Он сел за стол и раскрыл голубую палку. Быстро пробежав глазами, отложил в сторону первый лист из груды требующих подписи. Несколько строчек на белом поле выстреливали в упор, заставляли на мгновение замереть всякий раз, когда сквозь обтекаемые формулировки прорывался чудовищный в своей бесчеловечности смысл. Какое, однако, восхитительное упрямство! Четвёртый день кряду эта бумага подминает под себя всё, неизменно оказываясь наверху. Славный Бранко! – он даёт понять, что продолжение тяжбы по меньшей мере бессмысленно, пора наконец решиться и поставить жирную точку после того как нетвёрдой рукой (скажется бессонная ночь) он распишется под этим Указом. Под этим? Шутить изволите, господа. Под этим вы никогда не увидите моей подписи. Даже если будете сутками дежурить в приёмной или там где вы сидите сейчас в ожидании «торжественного момента». Вы думали, у вас будет ручной президент. Не отрицаю, вы поддержали меня в решительную минуту, когда завязанный Парламентом гордиев узел потребовал острого топора. И вы решили, что явитесь достойной сменой отправленным в отставку болтунам и клоунам. Здесь вы ошиблись. Моя идея создать Совет Безопасности произрастает на другой почве, о которой может быть и догадывались некоторые из вас, но уж никоим образом не простирали свою убогую фантазию так далеко, чтобы разыграть эндшпиль. Теперь мне не надо разыскивать вас поодиночке, беспокоить полицию, ужесточать пограничный контроль – все тринадцать, наиболее влиятельные лица в государстве (не скажу, простите, самые умные) сидят в своём излюбленном Малахитовом зале и ждут, когда их ставленник-президент любезно преподнесёт «на серебре» вожделенный Указ.
Он положил перед собой чистый лист и от руки набросал распоряжение. Сегодня с девяти ноль-ноль Совету Безопасности вменялось прекратить деятельность и сложить полномочия. Он посмотрел на часы, оставалось ещё пятнадцать минут. Они войдут одновременно – Бранко и генерал Суджа с тринадцатью ордерами на арест.
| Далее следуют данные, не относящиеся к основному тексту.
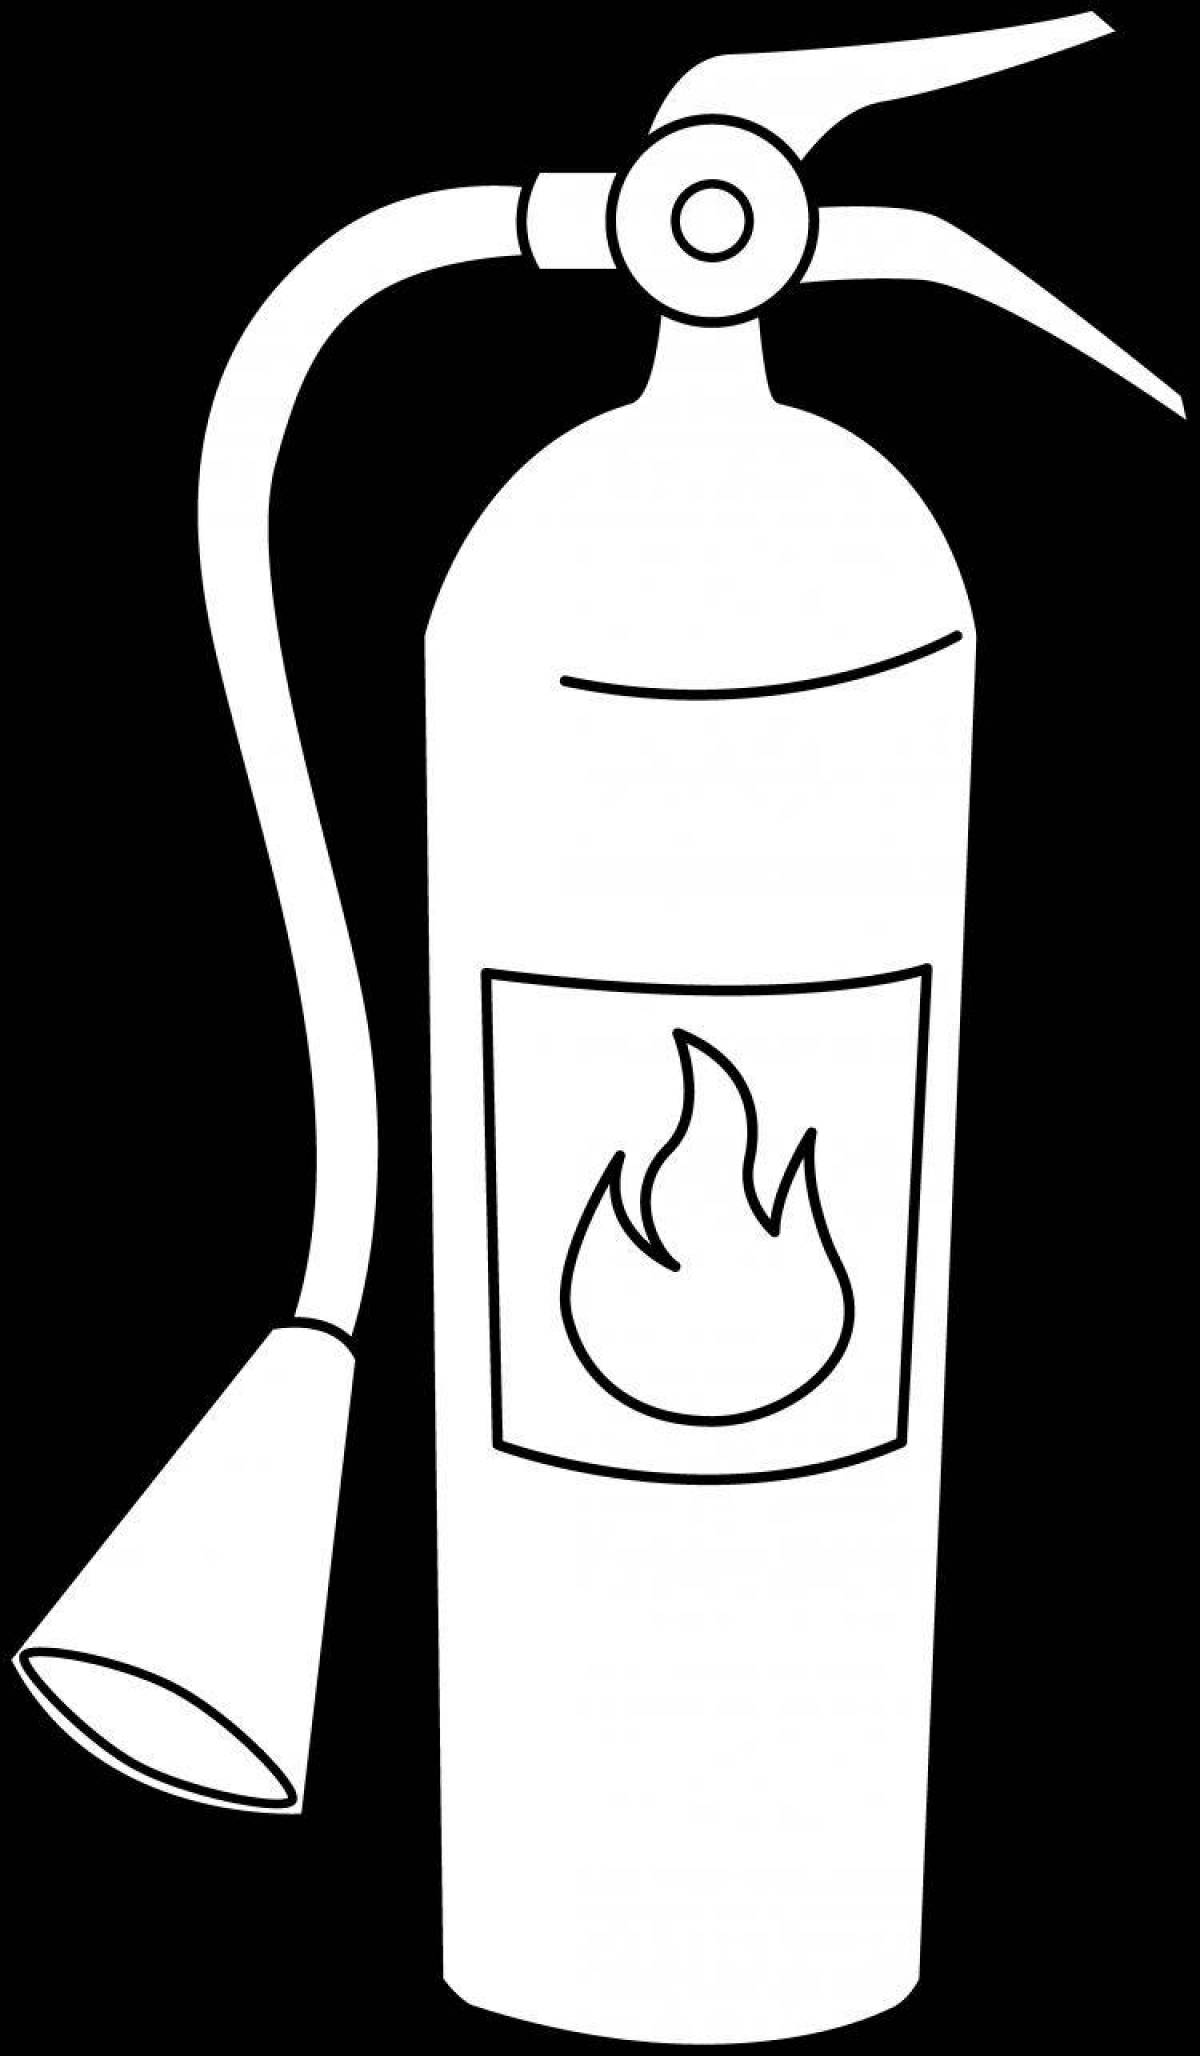 Unique fire extinguisher coloring page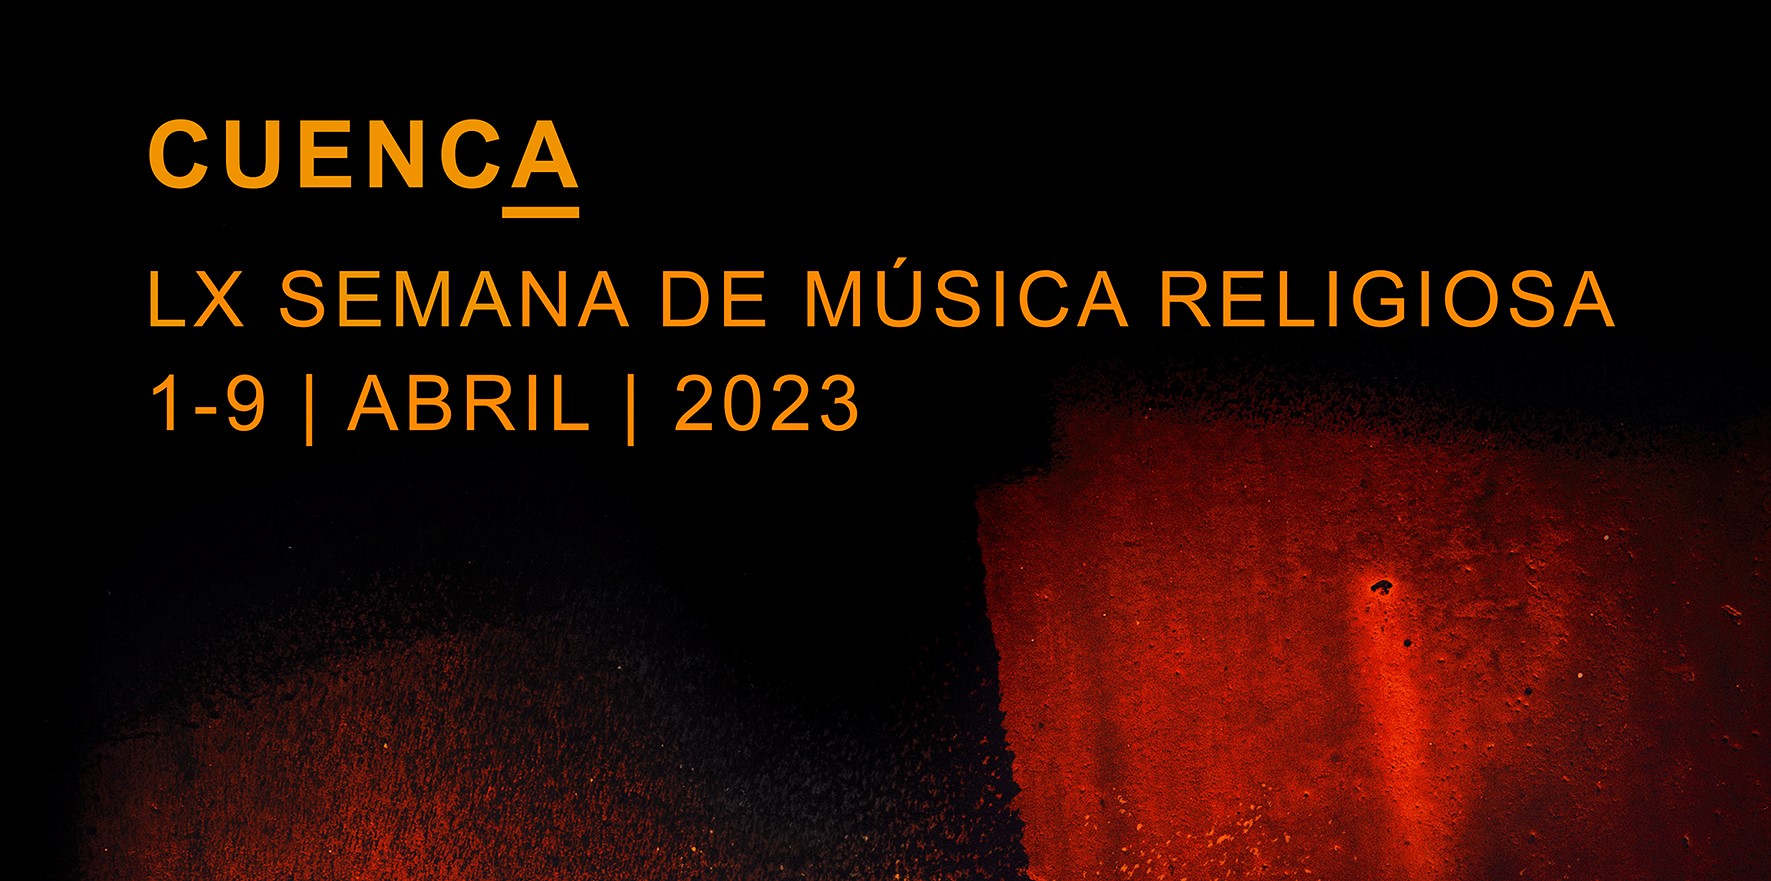 A merced de dueño comprador Semana de Música Religiosa de Cuenca 2023 - Coro Easo Abesbatza

Странно, чем более решительности в душе, тем больше дрожит рука. Проклятая бессонница! Впрочем, сегодня он, кажется, немного поспал, если можно назвать сном это забытье, когда картины прошлого, выстраиваясь в какой-то причудливый, алогический ряд, перемежаются короткими связками-сновидениями, придающими всему пережитому ирреальный оттенок. Недавно ему – приснился? привиделся? – маленький эпизод детства. Ему было девять или десять лет, его отправили в деревню отбывать каникулы – занятие в общем-то приятное, когда б не комары, всегда питавшие к нему особую склонность. В день поминовения усопших с гор подул сильный ветер, он обломил шест, на котором был укреплён дедом скворечник. Птичий дом рухнул на утрамбованную до твёрдости камня площадку хозяйственного двора и разбился вдребезги. Четырёх изуродованных окровавленных птенцов он похоронил на выгоне под старой ветлой и каждый год потом навещал это маленькое «кладбище», заново переживая давнее потрясение. Возможно, что именно то детское впечатление от созерцания реальной смерти побудило его отменить смертную казнь. А теперь эта чёртова дюжина, возомнившая себя властью, толкает его на массовое убийство мирных жителей своей же страны. Сколько времени он потратил, доказывая абсурдность их плана! Депортация населения целой провинции чревата сотнями, может быть, тысячами трупов – женщин, детей, стариков. Пусть они исповедуют другую религию, но ведь он-то никогда не придавал значения религиозным мотивам, смеялся над всеми и всяческими «божественными бреднями». К тому же известно: участие армии всегда оборачивается «случайно» раздавленными, застреленными, зарубленными. Нет, он не пойдёт на то чтобы использовать демографическое оружие. Как бы ни досаждали закордонные «единоверцы» своими неуклюжими попытками оторвать этот лакомый кусочек от их исконных земель. Вошёл Бранко.